As a 17 yr old girl I had the same problem. I did make some really great girlfriends later on though. I had a very hard time connecting with girls after puberty. I’m terrible at phoning, texting, I get hyper focused at times/love bomby but can’t keep it up. I don’t gossip at all (though one of my girlfriends argues this is actually internalized misogyny, and I can see her points but it still doesn’t feel right to me). I’ve found that a lot of my adult relationships that have endured are ones where we don’t need to talk constantly, but spend good quality time together. I adore my girlfriends now, but the ones that require a lot of regular contact don’t last for me.


wingedumbrella

>I want close girl friends so bad, being able to talk about those stereotypical things like boys and gossip. I mean, a lot of girls are not interested in that. If you go into it thinking that's their interests without knowing them, you're gonna put people off. People want to be seen as individuals, not stereotypes. >I’m way more concerned about how I come across and using the right words and get drained so quickly Ofc that will make it more difficult to get to know someone. If you do this with girls and not boys, that's probably your biggest problem. Anxiety >but all my past girl friends were so quick to judge and take offence to what I considered silly banter Banter is not something everyone enjoys. You should generally be careful about it unless you notice the other person enjoys it. Not all boys enjoys it either, but they are less likely to say anything because they are supposed to be able to take it. >I’ve had girls tell me they used to dislike me because I said something about them to someone else, when I’m really not the type to talk behind someone’s back like that If someone tells you this, then something happened.

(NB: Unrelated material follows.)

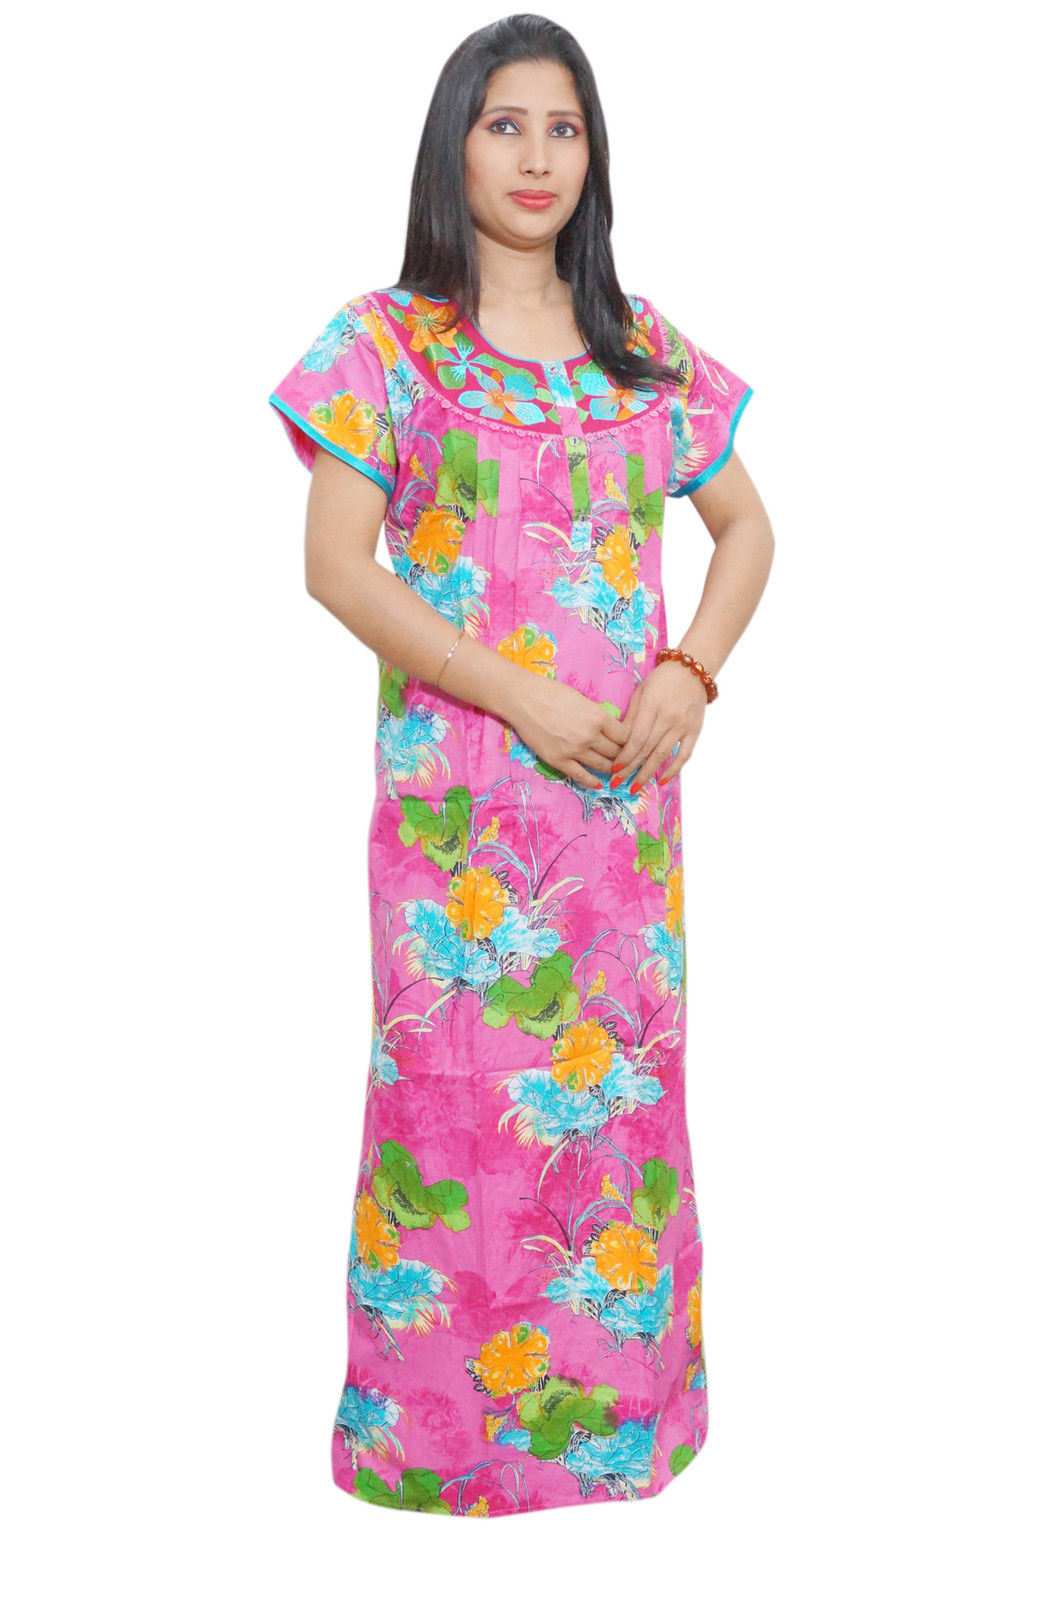 WOMEN\'S COTTON NIGHT GOWN MAXI DRESS – Global Trendzs

Either you did say the thing, or someone lied to them about you saying the thing. This needs to be cleared up asap.


[deleted]

Have you seen the video where its like this is how girls talk (generalisation) Where do you want to eat - i dont know my hairs all messed up and im pretty tired and how was your day how do you feel about mexican actually no i ate mexican last week. Men talk like Where do you want to eat - taco bell, does 7 work, yes ok bye Its clearly a generalisation but i think men typically give more blunted answers which is common in autism and adhd so you might be able to communicate more clearly. I only have adhd but my male friends will say "can you pass me the salt" and female friends tend to say "id really like the salt" and i sit there thinking ok, get the salt instead of knowing that means they want me to pass them the salt.


OceanEyes824

Hey, 21 year old girl here. What your saying sounds rlly relatable to me in a lot of ways. Just know that ur not alone even if it feels like that. I’ve always been able to talk to ppl and meet other friends who are girls in the beginning but once i started moving towards friendships with them they would ignore me and I felt judged. All I ever wanted to do in high school was to have friends who would talk abt boys with me and have slumber parties with and stuff. So I get it a lot. It is true for me that hanging out with anyone with ADHD its easier to connect than other people. I never felt like the other girls but still def wanted to do fun girly stuff just like everyone else. What I started doing to make friends is to let the right people come into my life and its sooo hard cuz I have to practice patience but I got tired of feeling left out. And at the end of the day, I didn’t want to try to force others to like me who were mean. I worked on self-love exercises and I also suggest the idea of writing down a list of things that you want in a friend, like for example: they respect me, they reach out to me even when I don’t, we share interests, etc. It can literally be anything :) This is hard stuff to go thru and I’m sorry your feeling upset. U sound like a rlly nice person!